Although it can be used as part of a drug discovery program, Shahky was designed and developed as a medical device. At the beginning of 2017, Exosome announced that the instrument had been placed within a major (unidentified) hospital in Boston, making it the world’s first point-of-care liquid biopsy instrument, the company said. System placement and consumables are expected to drive significant incremental revenues in 2017.


In addition to Shahky, Exosome has developed a nucleic acid isolation technology platform known as ExoLution. In November 2016, Exosome announced that a partnership with Takeda Pharmaceutical Co. Ltd. had produced data demonstrating the power of exosomal RNA for long RNA sequencing. The clinical RNA biomarker area is dominated by mRNA, but historically long RNA has been difficult to isolate and measure. The ExoLution technology is expected to enable new insights into patients’ genetic makeup.


Exosome also has an agreement with Amgen Inc. to evaluate the potential of its liquid biopsy technology platform to advance drug development.


Considerable interest in EVs has also come from academic labs. For example, researchers at the Cancer Institute at Pennsylvania State University College of Medicine recently published a technique for capturing EVs from plasma using lipid nanoprobes and a biotin-avidin-based magnetic separation system. This allows the DNA in the EV to be subsequently analyzed. Meanwhile, researchers at Ulsan National Institute of Science and Technology in Korea have developed an integrated centrifugal microfluidic platform, known as Exodisc, for isolating EVs from urine.



The billion-dollar liquid biopsy market can broken down into three segments: treating patients who are already in remission, to scan for recurrence; tailoring therapy to individual patients via genetic tumor analysis; and to screen healthy populations as a way of early cancer detection. And this does not include the research-only sector.

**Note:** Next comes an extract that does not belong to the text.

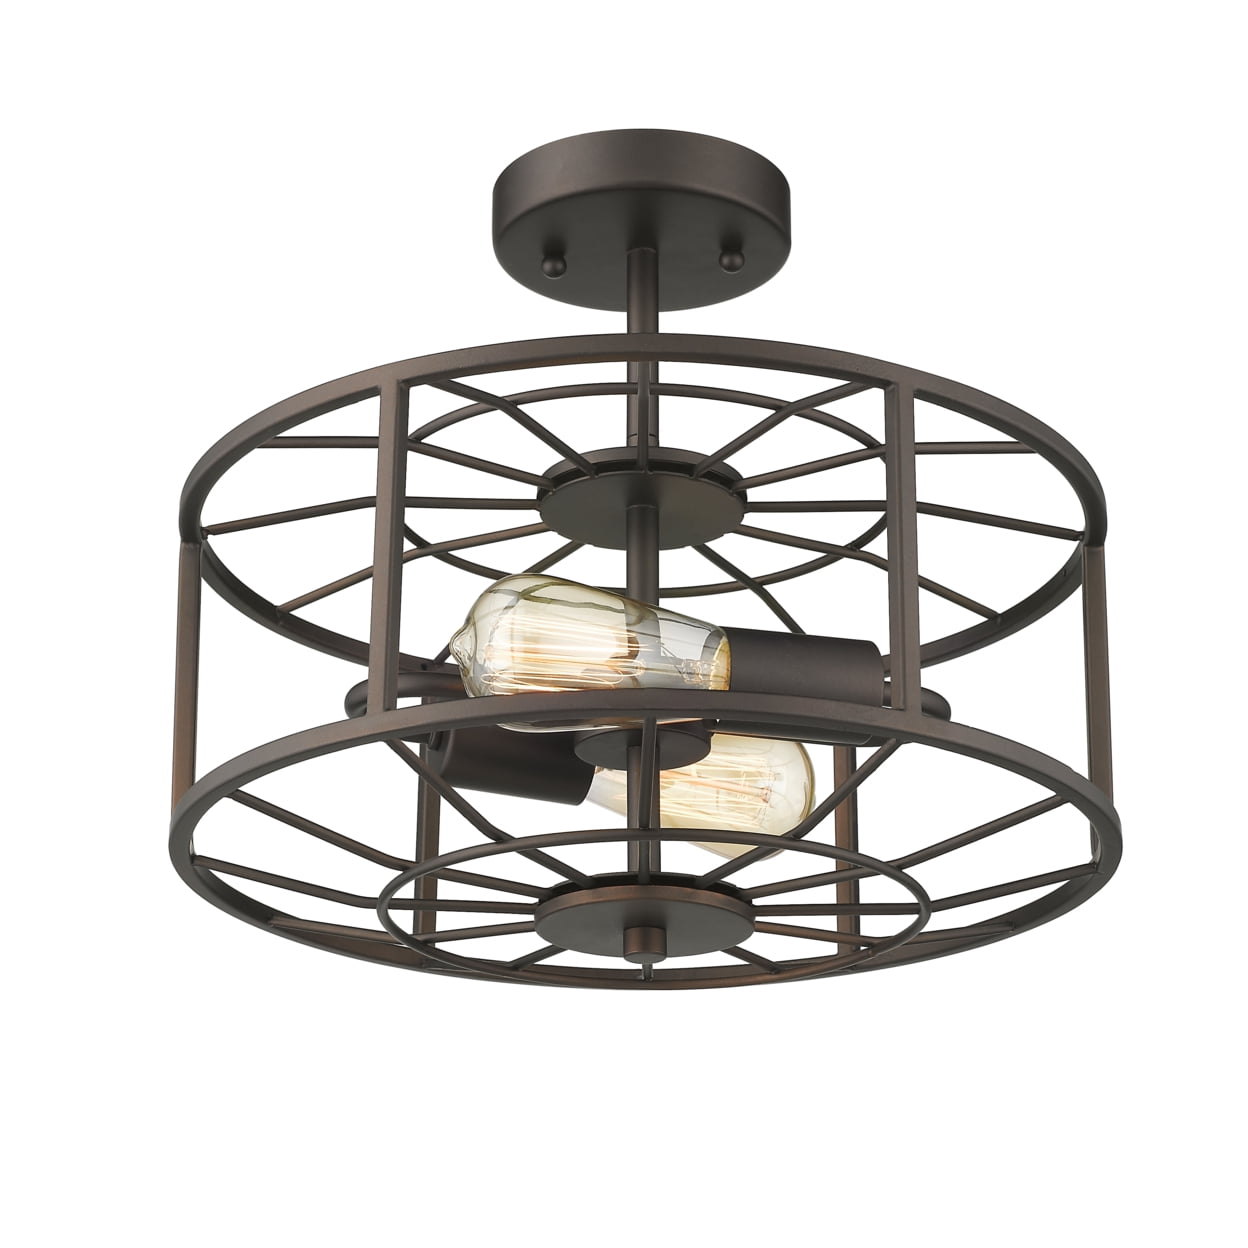 Ch2d007rb14-sf2 Ironclad Industrial 2 Light Rubbed Bronze Semi-flush Ceiling Fixture - 14 In.

Clearly, several issues remain to be addressed before liquid biopsy can realize its full potential, including:

  • validation of biomarkers and the technology used to measure them;

  • optimization of isolation and analytical systems;

  • obtaining regulatory approval;

  • education of clinicians about the benefits of liquid biopsy, including carrying out studies in association with key opinion leaders; and

  • establishing reimbursement status, including generating outcomes and cost-effectiveness data.


The main hurdle is data, says Vortex’s Walther: it will take time to generate the data to confirm the correlation between tissue biopsy and liquid biopsy. A large amount of work in this area is currently underway. Once those data are available, the second hurdle will be to convince physicians of the validity of liquid biopsy. Walther believes the younger generation of physicians are likely to be early adopters, whereas older physicians, more set in their ways, will likely cling to more traditional techniques such as tissue biopsy.


However, with liquid biopsy technology already at an advanced stage of development, progress over the coming months and years is likely to be even more rapid.